Время любить
Шрифт:
– Ваш муж не стоит по утрам на голове? – спросил Казаков. – Говорят, это здорово мозги прочищает.
– Пропустите, мне скоро выходить, – поднялась полная женщина, с подозрением глядя на него.
Бутылка выскочила из-под ее ног и весело покатилась по проходу.
Часть вторая
Весенний гром
Вас развратило Самовластье,
И меч его вас поразил, —
И в неподкупном беспристрастье
Сей приговор Закон скрепил.
Народ, чуждаясь вероломства,
Поносит ваши имена —
И ваша память от потомства
Как труп в земле схоронена.
Глава девятая
1
Задули
Природа жаждала обновления, и остановить его было невозможно. На лесных прогалинах буйно полезли из оттаявшей земли голубые пушистые подснежники. По утрам на их волосках ослепительно сверкала крупная роса. Жившие в поселке всю зиму синицы разом улетели в пробуждающийся лес, на огородах, по-хозяйски озираясь, деловито расхаживали первые грачи. Ранним утром можно было в розовом небе увидеть косяки летящих с юга птиц. Больших и маленьких. Зимой вьюжная буря поломала в лесу много деревьев, некоторые выворотила с корнем. Падая, толстые сосны и березы гнули, ломали молодую поросль. Иногда сосна обрушивалась кроной на соседнее дерево, и то, согнувшись, поддерживало ее плечом, не давая упасть.

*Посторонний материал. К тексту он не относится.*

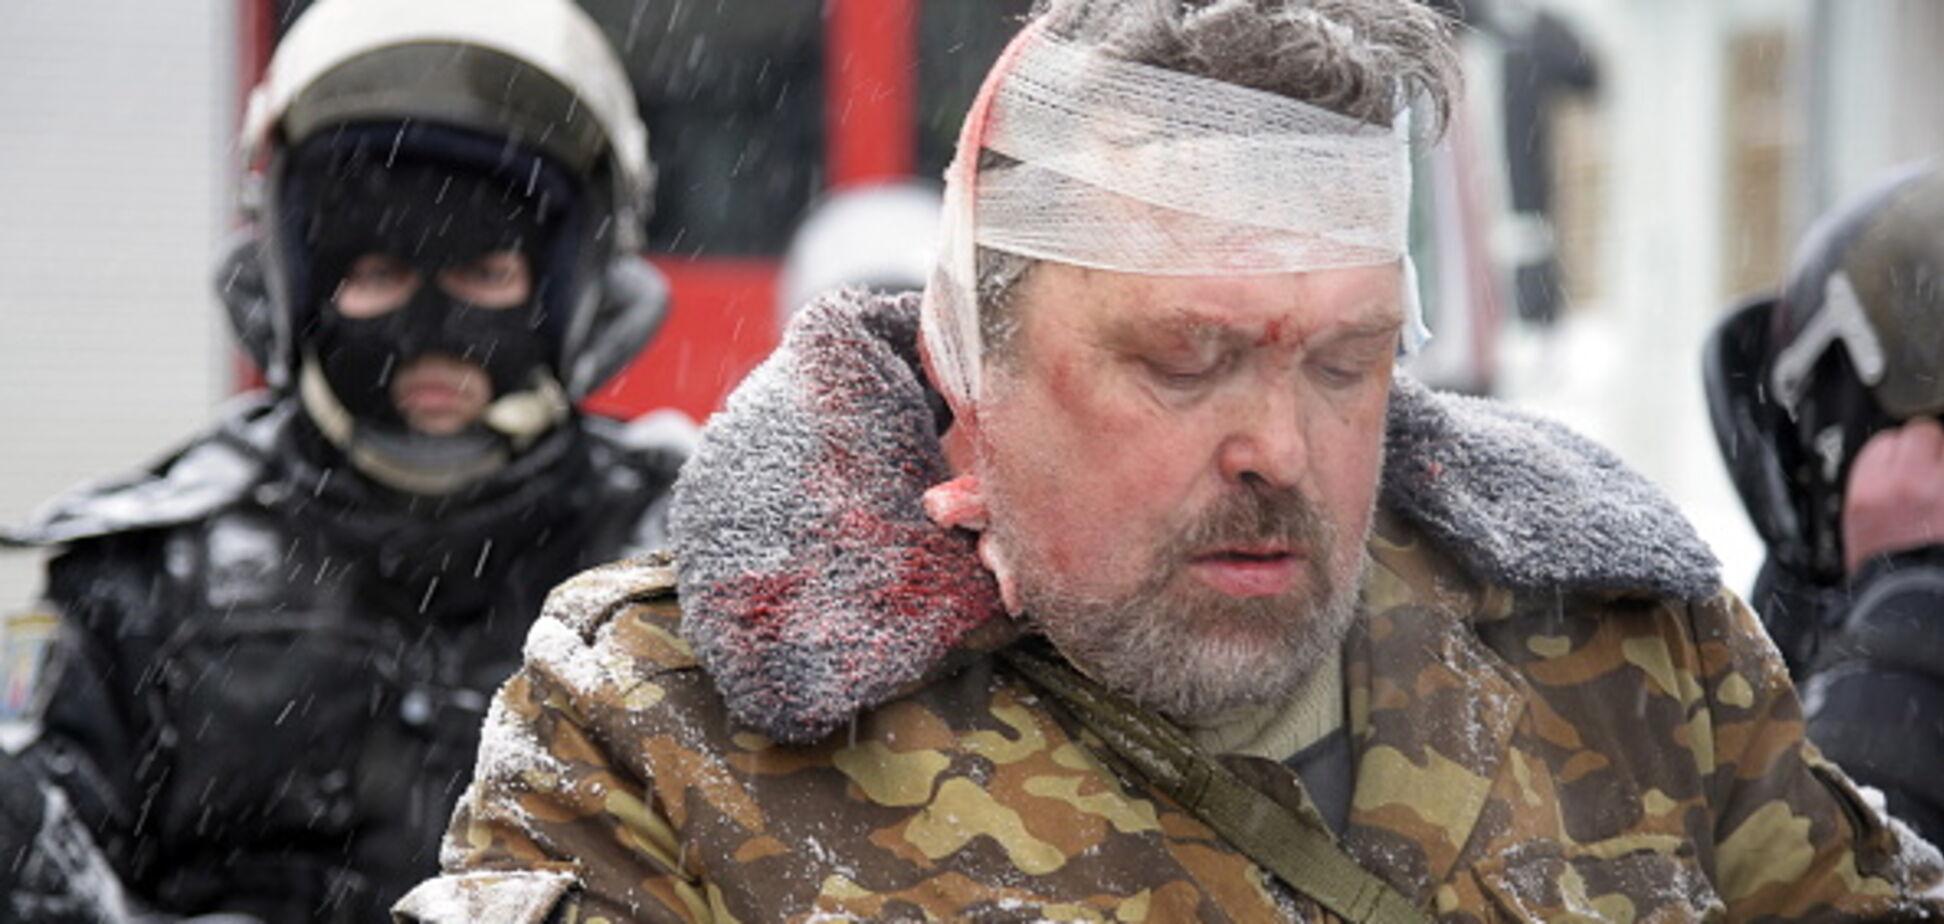 Зачистка під ВР: у Києві пікетували базу колишнього 'Беркута'
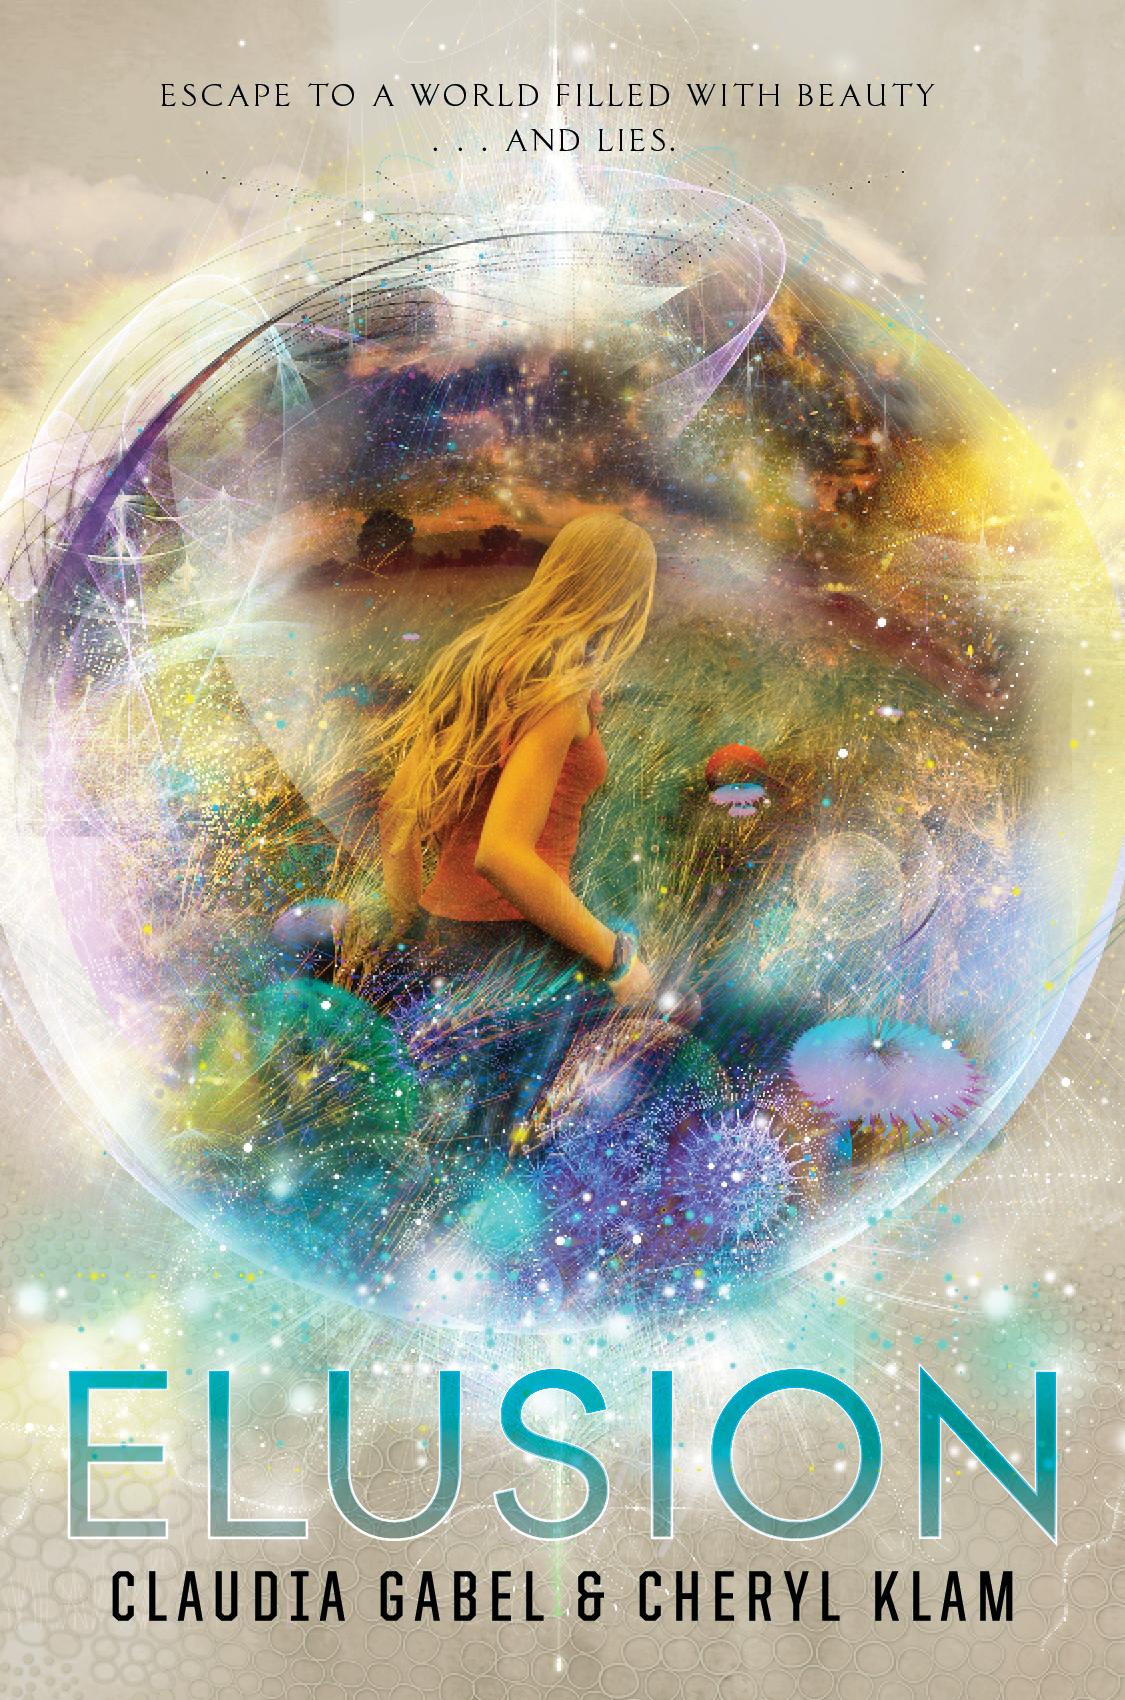 elusion book

Федор Федорович Казаков, как обычно раньше всех приехавший из города в Андреевку, каждое утро ходил в лес за сморчками. Эти первые весенние грибы появлялись одновременно с подснежниками, их можно было увидеть на вырубках, солнечных полянках, вдоль лесных дорог. Пожалуй, он один в Андреевке собирал эти неказистые, похожие на изжеванные куски мяса, грибы; многие считали их ядовитыми, но Федор Федорович, дважды отварив их в воде, жарил и с удовольствием ел. Григорий Елисеевич Дерюгин не притрагивался к ним.
– Ефимья Андреевна никогда не брала сморчки и строчки, – говорил он. – А она уж понимала толк в грибах!
Выйдя на пенсию, Федор Федорович пристрастился к лесу, считал пропавшим день, если не побывал в бору. Ему все в лесу было интересно: наблюдать, например, как греется на солнцепеке уж. Стоит иного пошевелить сучком – и он задергается, вытянется и закроет глаза, будто околел, а немного погодя тихонько уползет под корягу. Любил смотреть на работу дятлов, удивлялся, сколько нужно тому приложить усилий, чтобы выковырять из ствола одного-единственного червячка! Однажды спугнул в чащобе филина. Распахнув оранжевые глазищи, большая птица с шумом взлетела вверх, суматошно замахала широкими крыльями, жутко крикнула и исчезла средь ветвей. А на Утином озере долго наблюдал за болотным лунем, который ловил в тростнике красноперку. Хищник так увлекся рыбной ловлей, что не заметил тихо подкравшегося по берегу человека. Видно, рыболов он был неважнецкий, потому что вместо красноперки схватил лягушку, да и та с кваканьем вырвалась из его когтистой лапы.
Поражал его и мир насекомых. Пока идешь по лесу, их почти не видно, за исключением крупных бабочек, стрекоз. Шмеля, например, издалека услышишь по его тревожному гулу. Стоит лишь присесть отдохнуть на пенек – и скоро увидишь десятки самых различных насекомых. Это большие и маленькие муравьи, жук-долгоносик, гусеницы, осы, мухи, пауки, тли, да всех и не перечислишь! В одной книжке он прочел, что на каждом квадратном метре леса можно обнаружить в среднем до пятисот различных насекомых! Но больше всего его поразила другая цифра: на каждого человека на земле приходится почти тридцать миллионов насекомых, в переводе на живой вес – триста килограммов двигающихся и летающих многоногих тварей!..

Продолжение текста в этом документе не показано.